*DATA FOR THIS TASK*.
......

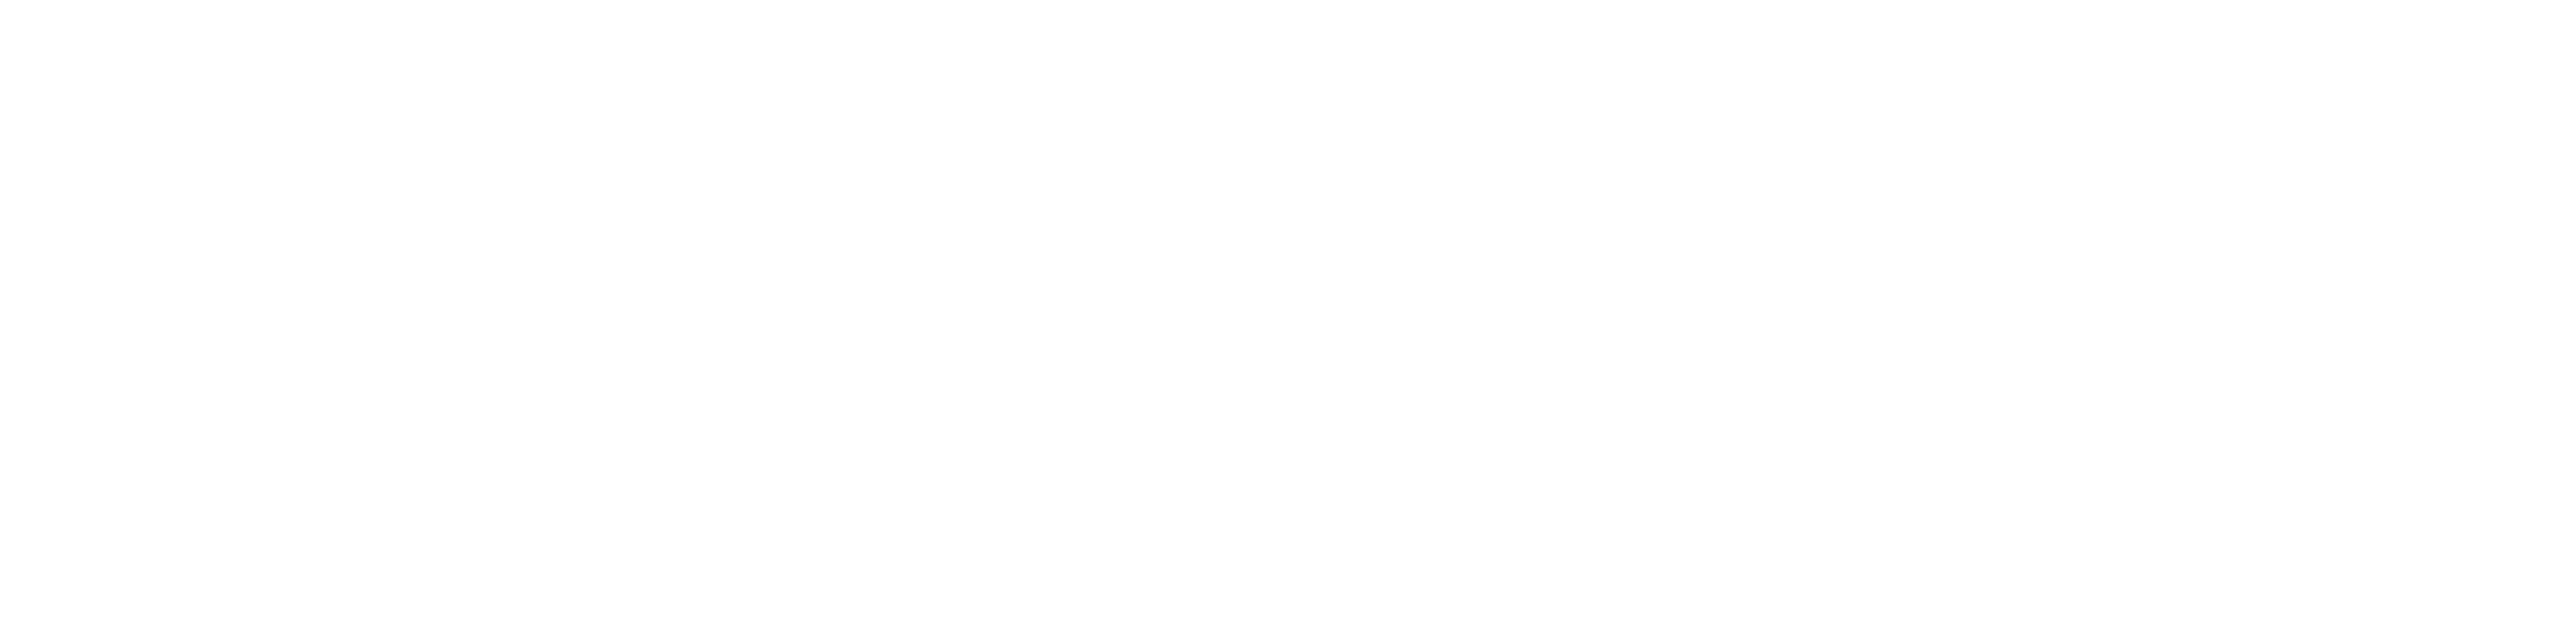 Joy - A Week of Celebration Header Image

......

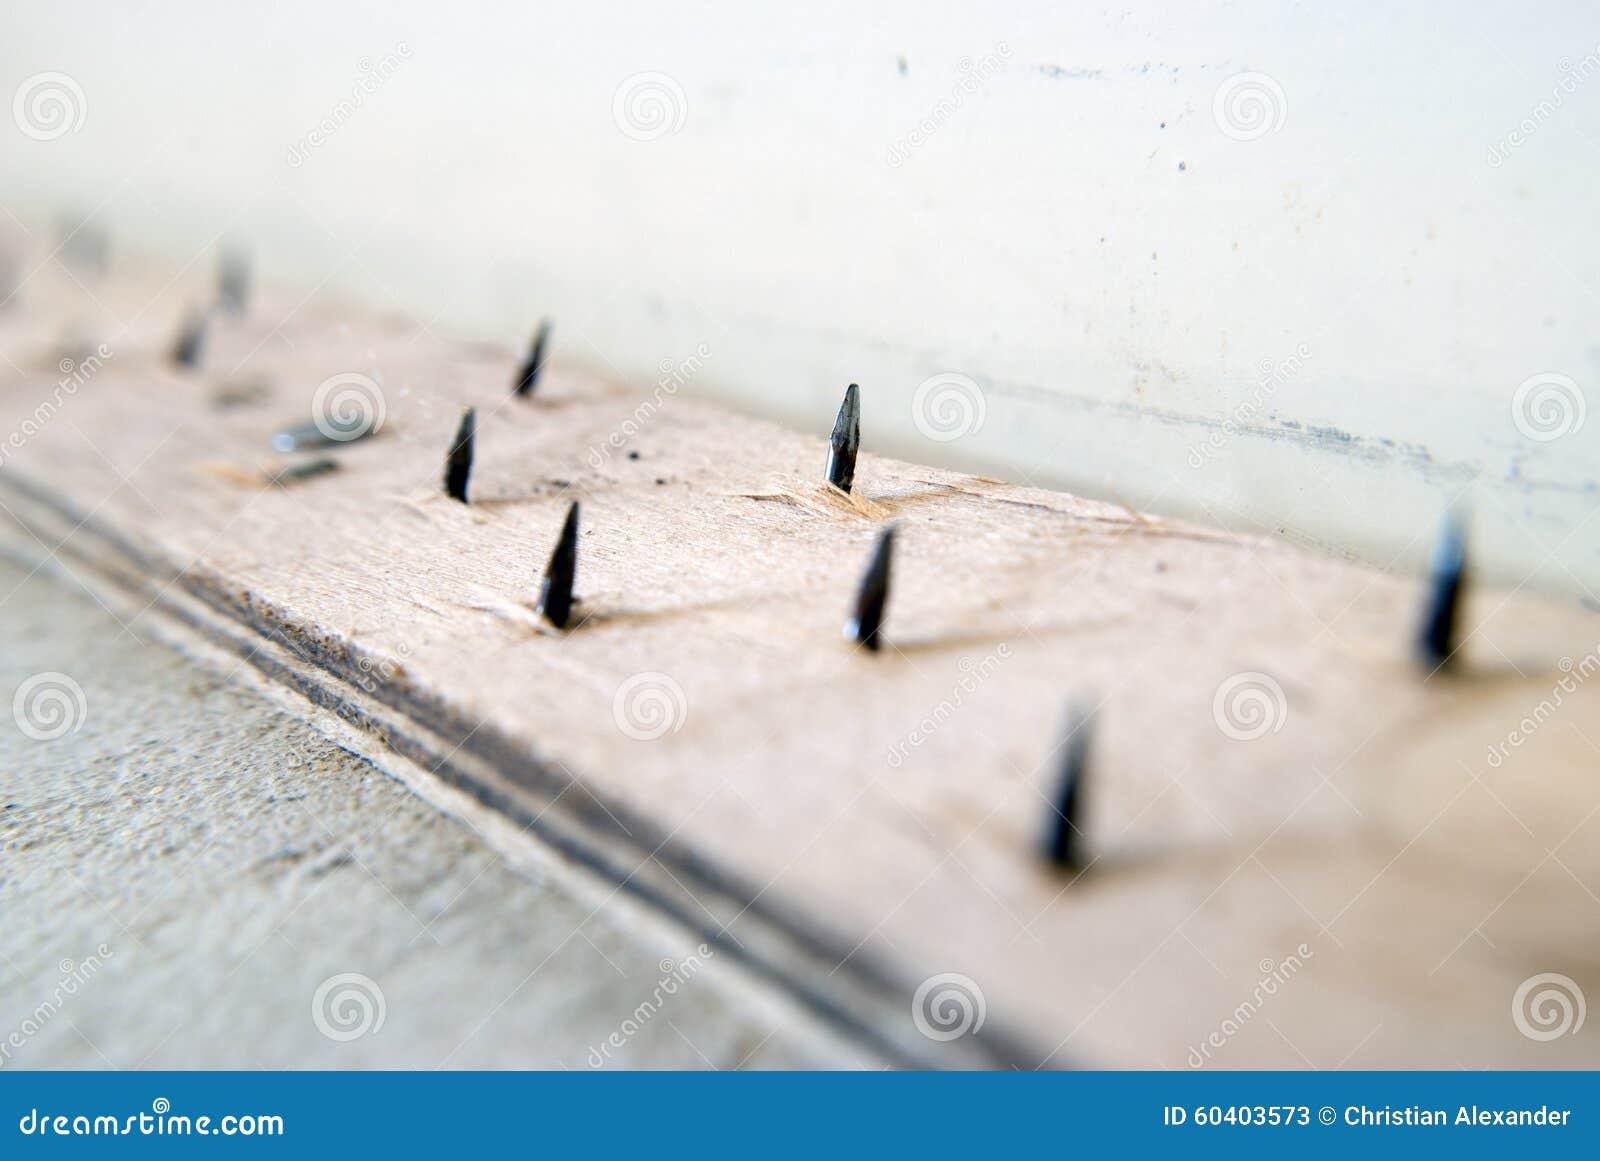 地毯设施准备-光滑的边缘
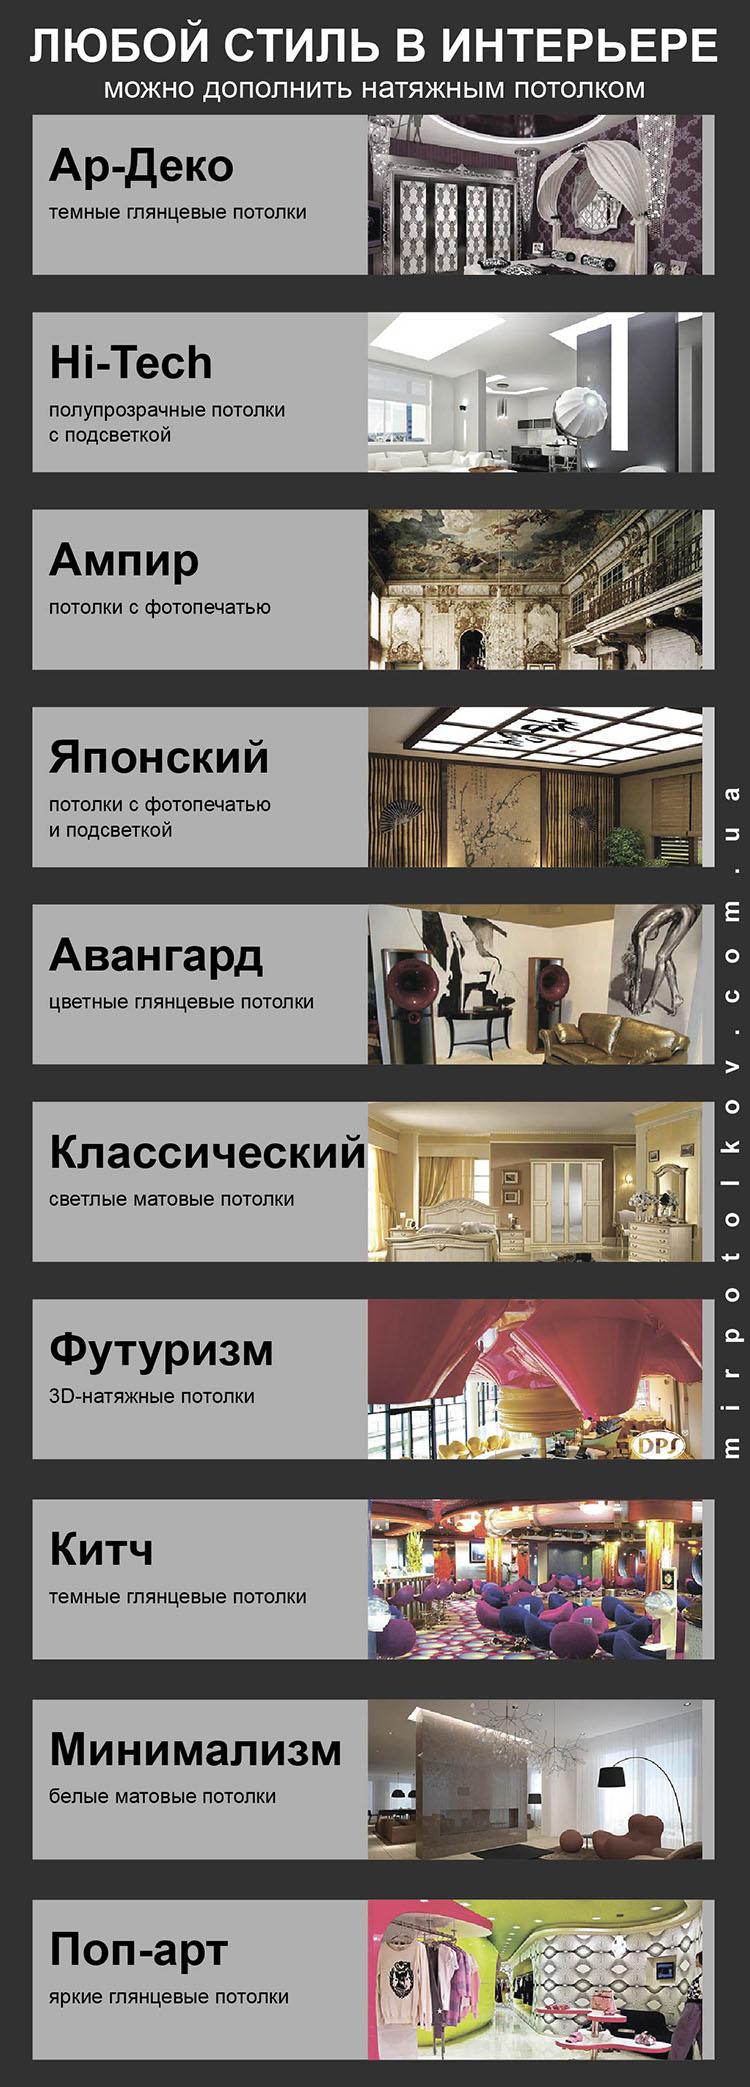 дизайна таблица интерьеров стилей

......

Working from the entries above, please transcribe only the lines from the line with "地毯设施准备-光滑的边缘" through the line with "дизайна таблица интерьеров стилей", exactly, with both end lines and without pictures.

*TASK ANSWER*.
 地毯设施准备-光滑的边缘
 дизайна таблица интерьеров стилей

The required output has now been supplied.